For over 50 years, the Democratic party has relied on black Americans to win elections, and stay in office across the nation.
In 2020, the number of Black Americans eligible to vote for president reached a record 30 million in 2020, with more than one-third living in nine of the nation’s most competitive states .
They include Arizona, Florida, Georgia, Iowa, Michigan, North Carolina, Ohio, Pennsylvania and Wisconsin.
A higher share than the 29% of all U.S. eligible voters who live in these states. Nationwide, Black eligible voters now make up 12.5% of the U.S. electorate, up from 11.5% in 2000.
In 2020 Joe Biden received solid support among African Americans.
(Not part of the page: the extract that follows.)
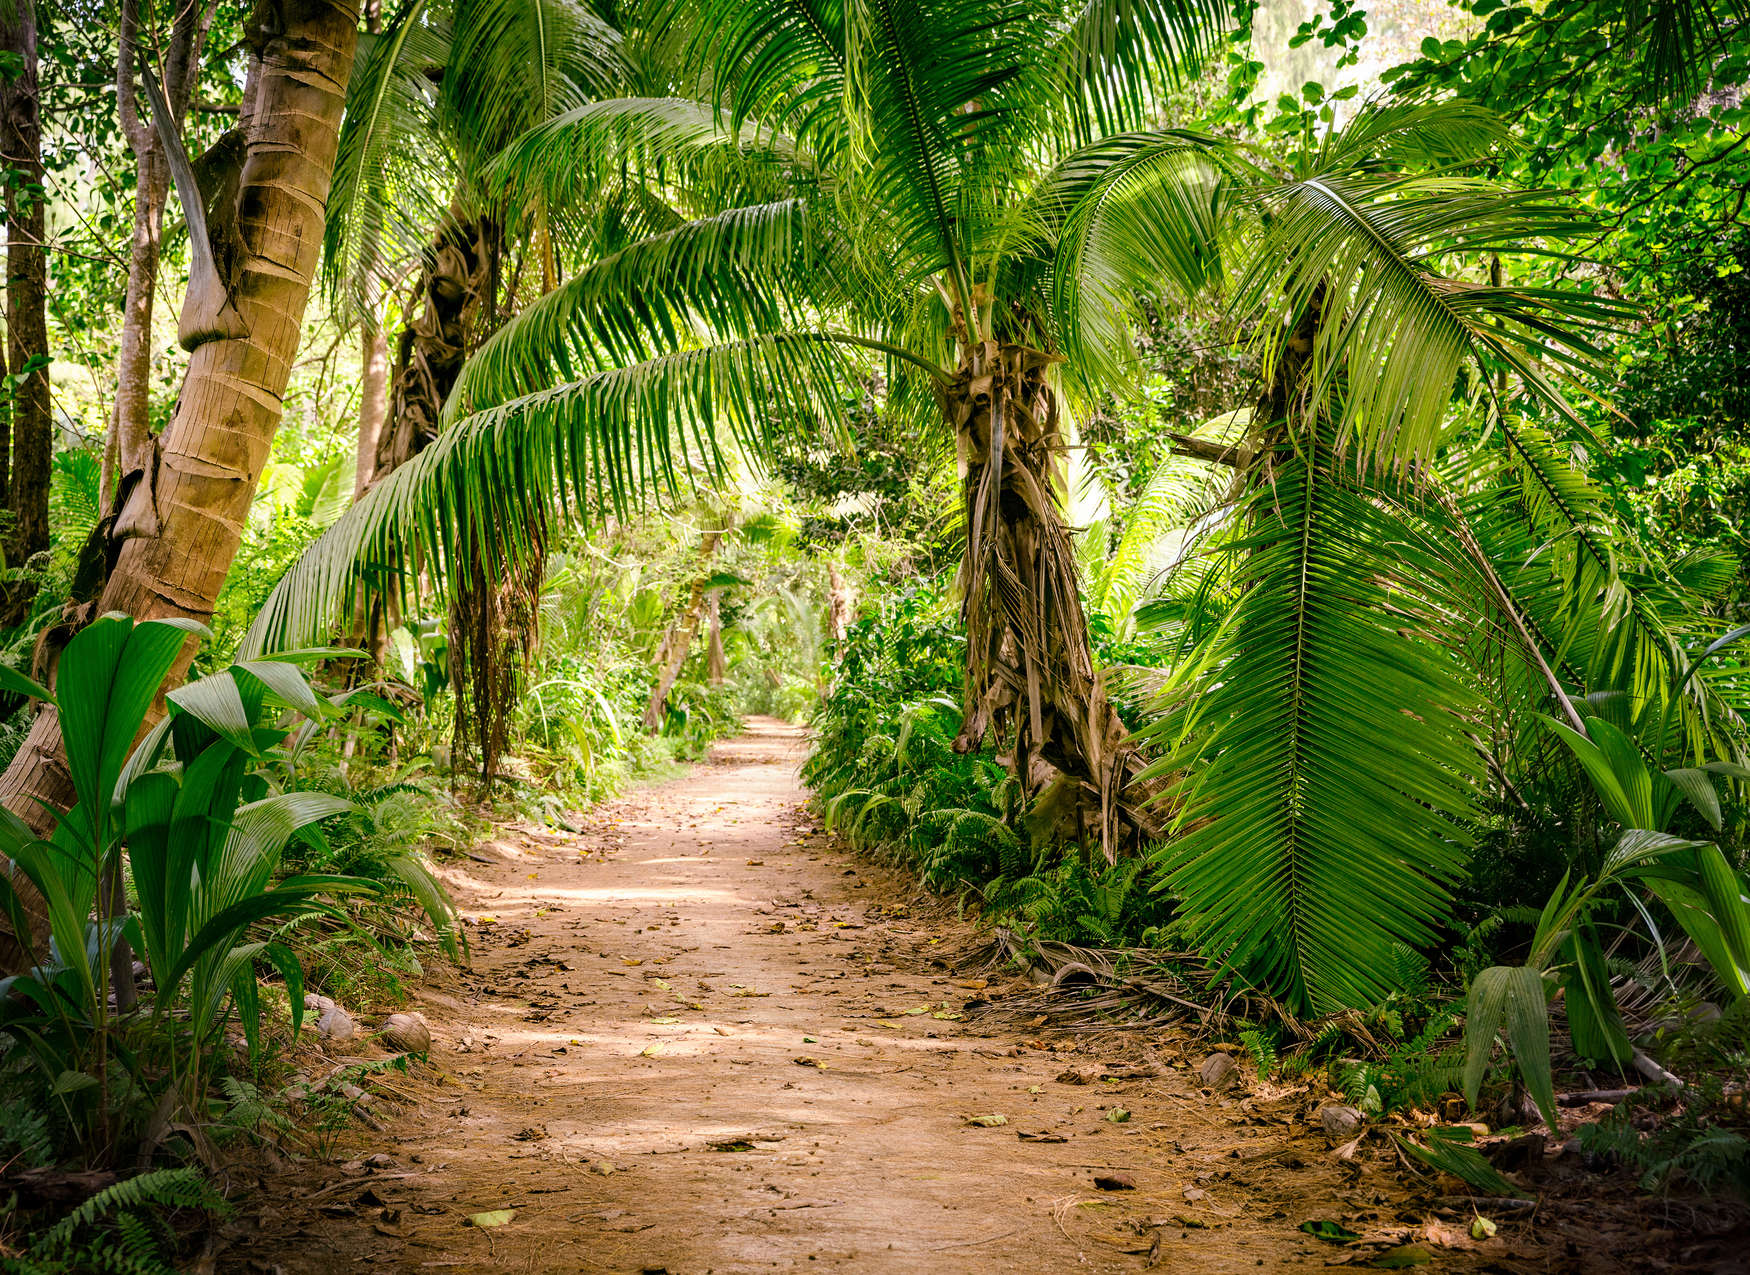             Palm tree path through a tropical landscape - green, brown

Biden received 92% of the Black vote, statistically indistinguishable from Hillary Clinton’s 91% in 2016.
“His support among Black women was never in doubt, but President Trump’s alleged appeal to Black men turned out to be illusory. (His share of the Black male vote fell from 14% in 2016 to 12% in 2020 while Biden raised the Democrats’ share from 81% to 87%.) African Americans confirmed their status as a unique group of voters for whom the contemporary Republican Party holds no discernible appeal.”
So with this in mind, CNN host Phil Mattingly admitted Friday that his jaw “literally dropped” after hearing a young black voter admit that he doesn’t know if he will vote for President Joe Biden in 2024.
CNN anchor John King traveled to Milwaukee to gauged the 2024 local support of Biden in the black community. He quickly realized after speaking with black voters that, according to him, there concerns could be a “giant problem” for Biden’s re-election hopes.
King spoke with Devonta Johnson, a canvasser for Black Leaders Organizing for Communities, a typically shoe-in as a democratic vote.
King asked Johnson, “If you’re Joe Biden and you want to be re-elected, he’d have a problem today, right?”
“Yes, he would. He would have a big problem,” Johnson admitted.
King then asked Johnson who he will vote for: Biden or Donald Trump. “That’s a — that’s just a tough one,” Johnson responded.
When the report concluded, King put into perspective the significance of what he learned in Milwaukee.
“Just stunning, that young man there, ‘I don’t know who I’m going to vote for.’ A young black man in Milwaukee who is actually part of this activist community,” he said. “Then you have the older black women answering the door saying, ‘Yeah, people died for my right to vote, but I’m not sure I’m going to vote because I’m so disaffected and disenchanted.'”
That’s when Mattingly expressed his disbelief over Johnson’s brutal honesty.
“My jaw literally dropped at the end of that piece when he didn’t say who he was going to vote for. A 21-year-old young black man in the activist community doesn’t know,” the CNN anchor said.
King answered, “Because he looks at Washington and says, ‘What are they doing that’s relevant to my life? Nothing.'”
Another Milwaukee voter, Davette Bake, told King that he “love[s] Joe” but graded Biden’s presidency a four on a scale of 1 to 10.
Joanna Brookes, a liberal Yoga teacher focused on preserving abortion “rights”, expressed her concern that the Democratic Party takes black people for granted.
“Black voters in general, I think, tend to be pretty loyal to the Democratic Party. And sometimes I wonder, just based on how that party has performed thus far for people of color, if we should continue to be,” Brookes said.